Masonite then moved for judgment notwithstanding the verdict under Fed.R. Civ.P. 50(b). The district court sustained this motion, stating that only “the legal analysis and legal effect of that done” was in question, ruling that as a matter of law Dobson by virtue of the contract acquired an interest in standing timber, and holding that recovery under the contract was therefore barred by the Statute of Frauds.
The district court quite properly observed that under the Mississippi Statute of Frauds, an oral contract for the sale of standing timber is unenforceable. See, e. g., Towles v. Hodges, 235 Miss. 258, 108 So.2d 884 (1959); Rowan v. Rosenblatt, 206 Miss. 259, 39 So.2d 873 (1949) (en banc). Counsel for Dob-son is also correct in his statement of Mississippi law; an agreement for services in cutting and clearing land of timber is not within the Statute. See, e. g., Herring v.

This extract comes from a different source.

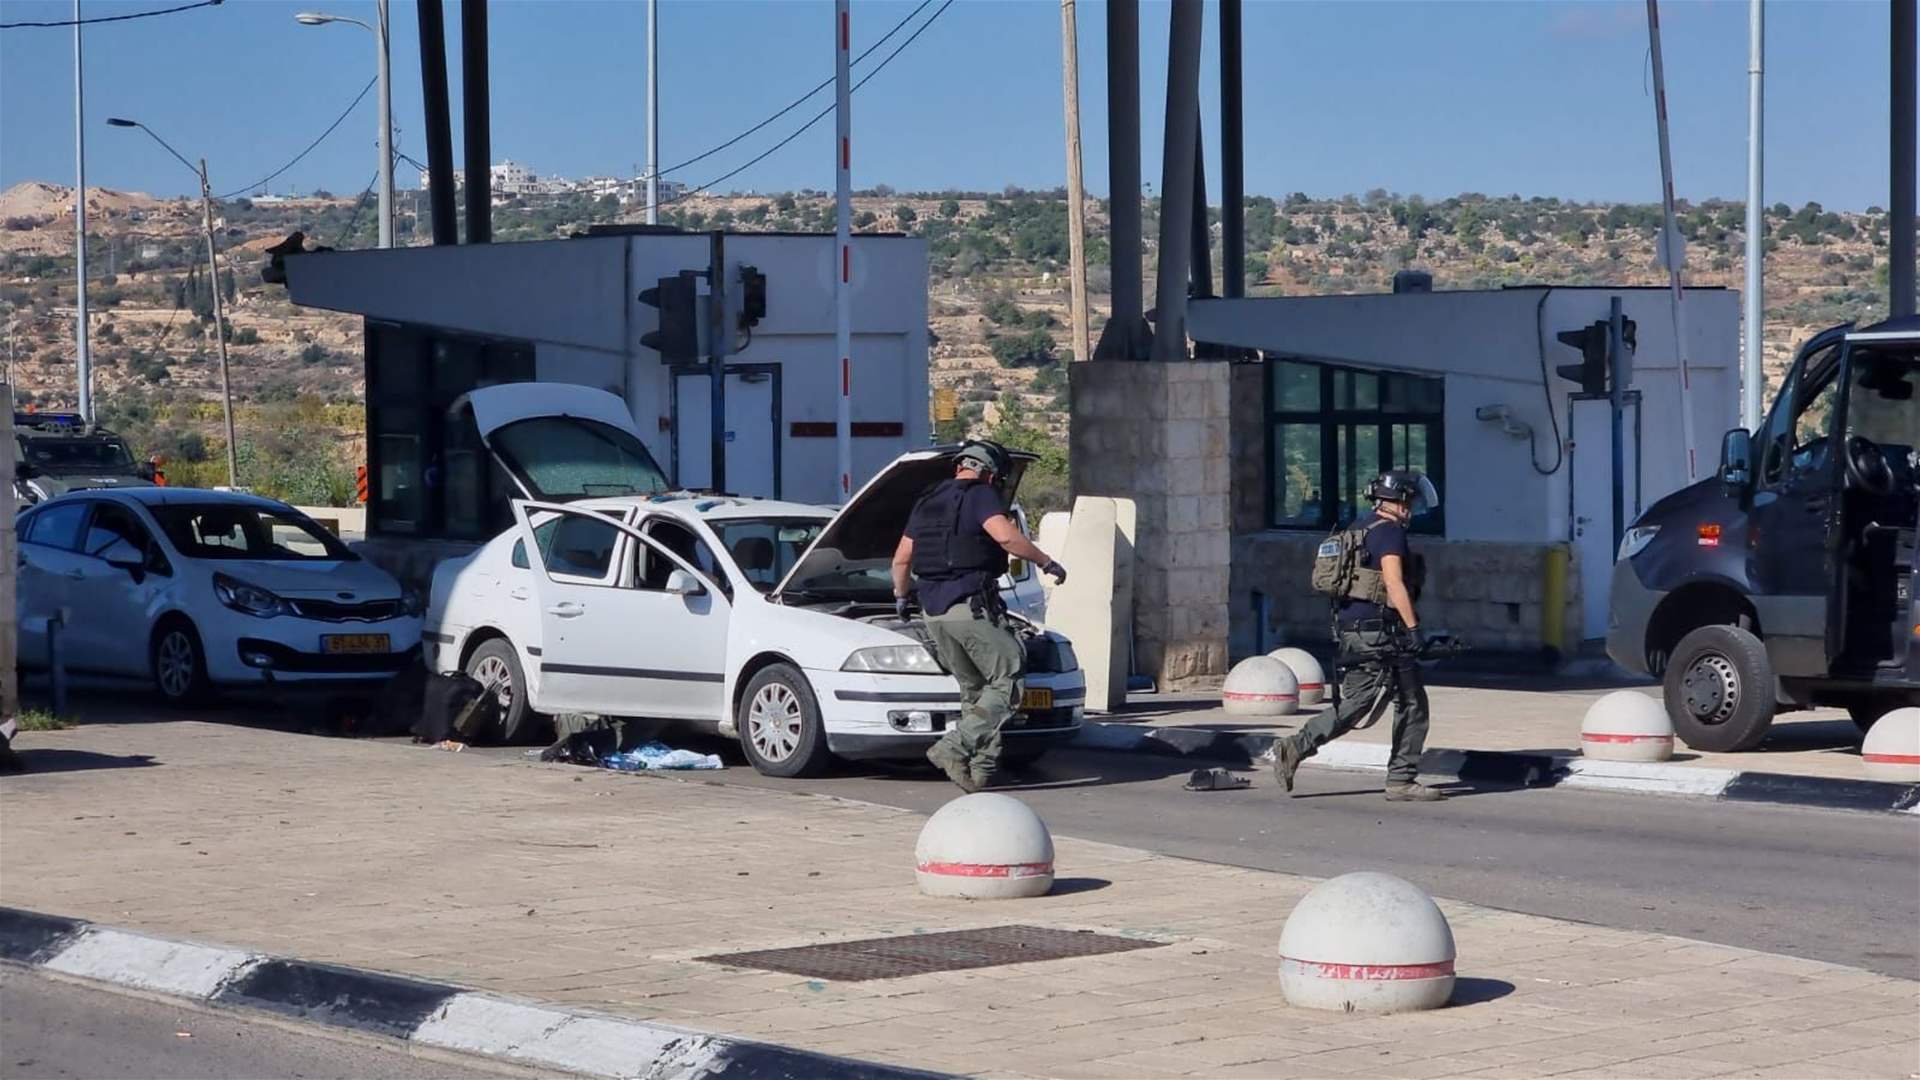 Several injured among Israeli security forces in an attack near Jerusalem

Edwards, 29 So. 787 (Miss. 1901).
But this of little assistance in determining which type of contract— sales or service — was here involved. This calls for an interpretation of the agreement between the parties to determine what they meant by the terms of that agreement. Interpretation is always a question of fact. Aetna Ins. Co. v. Nev-ille G. Penrose, Inc., 304 F.2d 612, 616 (5th Cir. 1962); 3 Corbin, Contracts, Section 554, p. 219 (1960); 17A C.J.S. Contracts §§ 616, 618, p. 1240 et seq. (1963). As a question of fact, this issue was properly presented to, and determined by, the jury; and unless there was no evidence which, if believed, would authorize the jury’s conclusions, they must stand. See Marsh v. Illinois C. R. R., 175 F.2d 498 (5th Cir. 1949); Howard v. Louisiana & A. Ry., 49 F.2d 571 (5th Cir. 1931).

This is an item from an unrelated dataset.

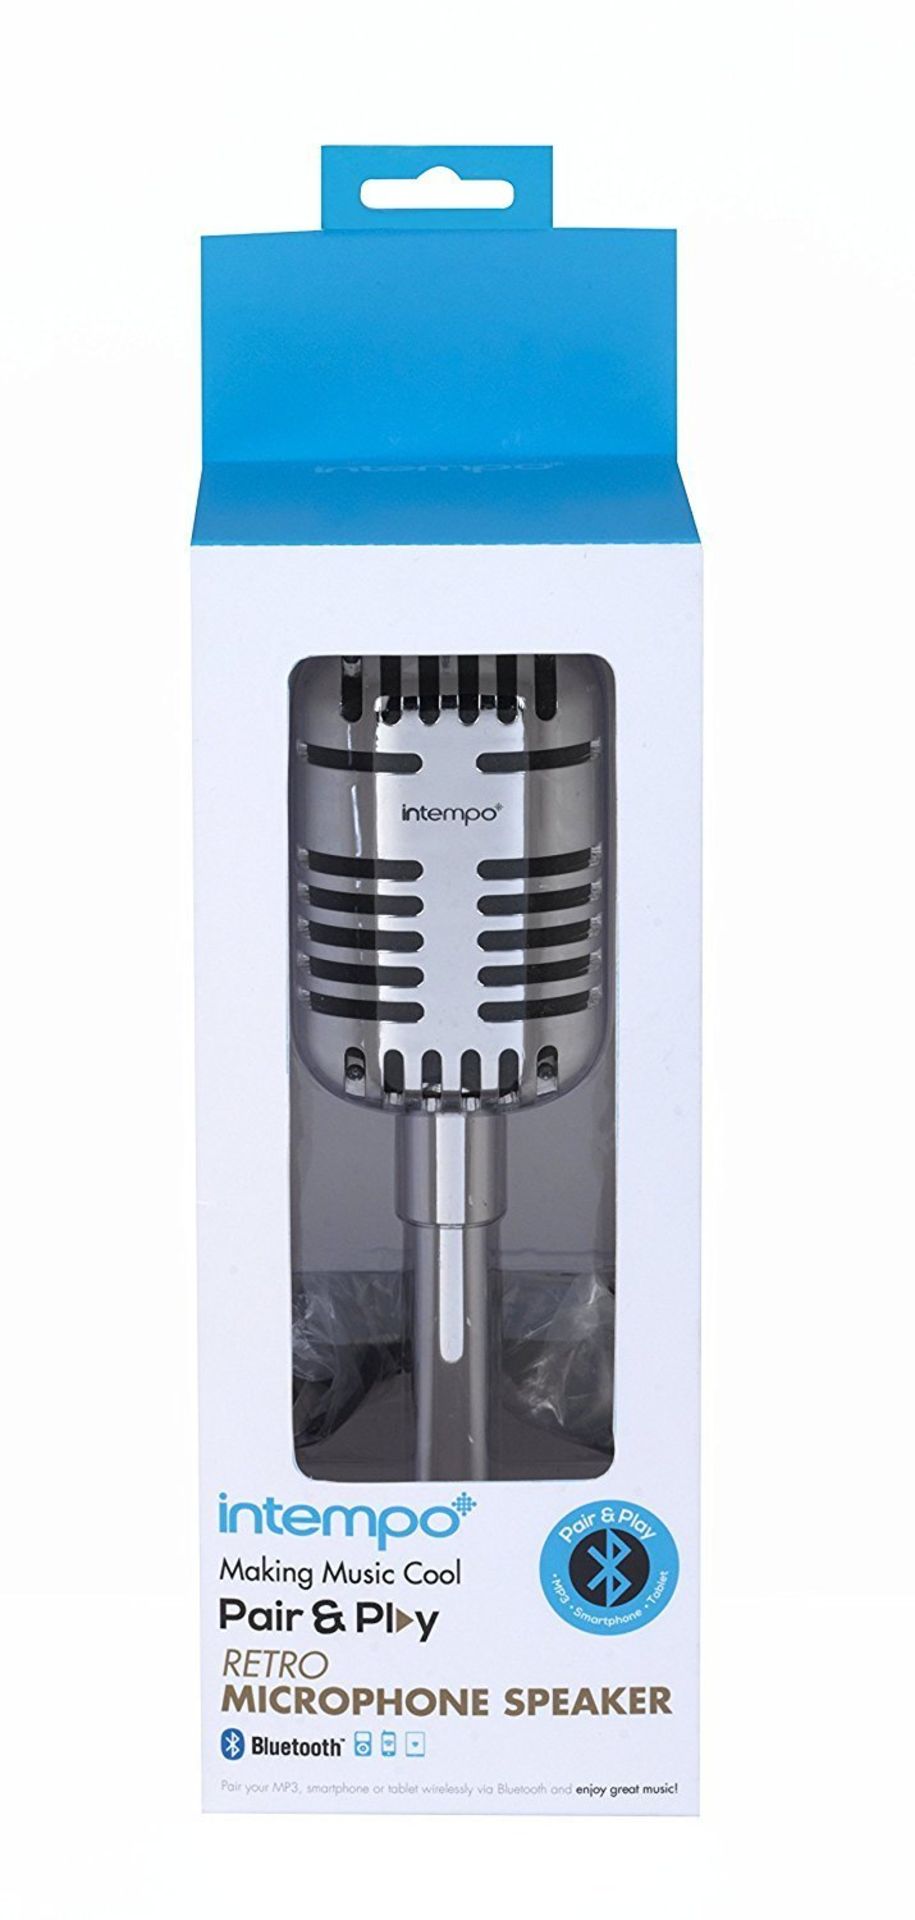 + VAT Brand New Bluetooth Portable Microphone Speaker From Intempo - Built-In Microphone - Charging - Image 3 of 3

Plainly what the parties meant by the language of the contract was uncertain and at the heart of this controversy; just as plainly, this was the very issue presented to the jury through special interrogatories. On the record before us, there is certainly ample evidence from which the jury could conclude that the contract between Dobson and Masonite was for the rendition of services, rather than for the sale of standing timber. In drawing the ultimate conclusion as to the meaning of the parties, we believe the jury was fulfilling its traditional function as the finder of the facts. See Byrd v. Blue Ridge Rural Elec. Co-op., 356 U.S. 525, 537, 78 S.Ct. 893, 2 L.Ed.2d 953 (1958); Wright v. Paramount-Richards Theatres, Inc., 198 F.2d 303 (5th Cir. 1952); Howard v. Louisiana & A. Ry., supra.
The district court, apparently because there was no dispute regarding the existence of the oral contract or its terms, felt that only a legal question, what was the *924 legal effect of the contract, was involved. 3 But “legal effect” is the result of applying rules of law to the facts; necessarily this determination must await a determination of all the facts. And, as we have stated, deciding what is the meaning of the contract is a question of fact.
We are of the firm opinion that a factual question regarding what type of contract existed between the parties was presented to, and decided by, the jury. The record clearly contains substantial evidence in support of the jury’s verdict. Therefore the district court erroneously entered judgment notwithstanding the verdict. We reverse that judgment and remand for reinstatement of the jury’s verdict.
Reversed and remanded with directions.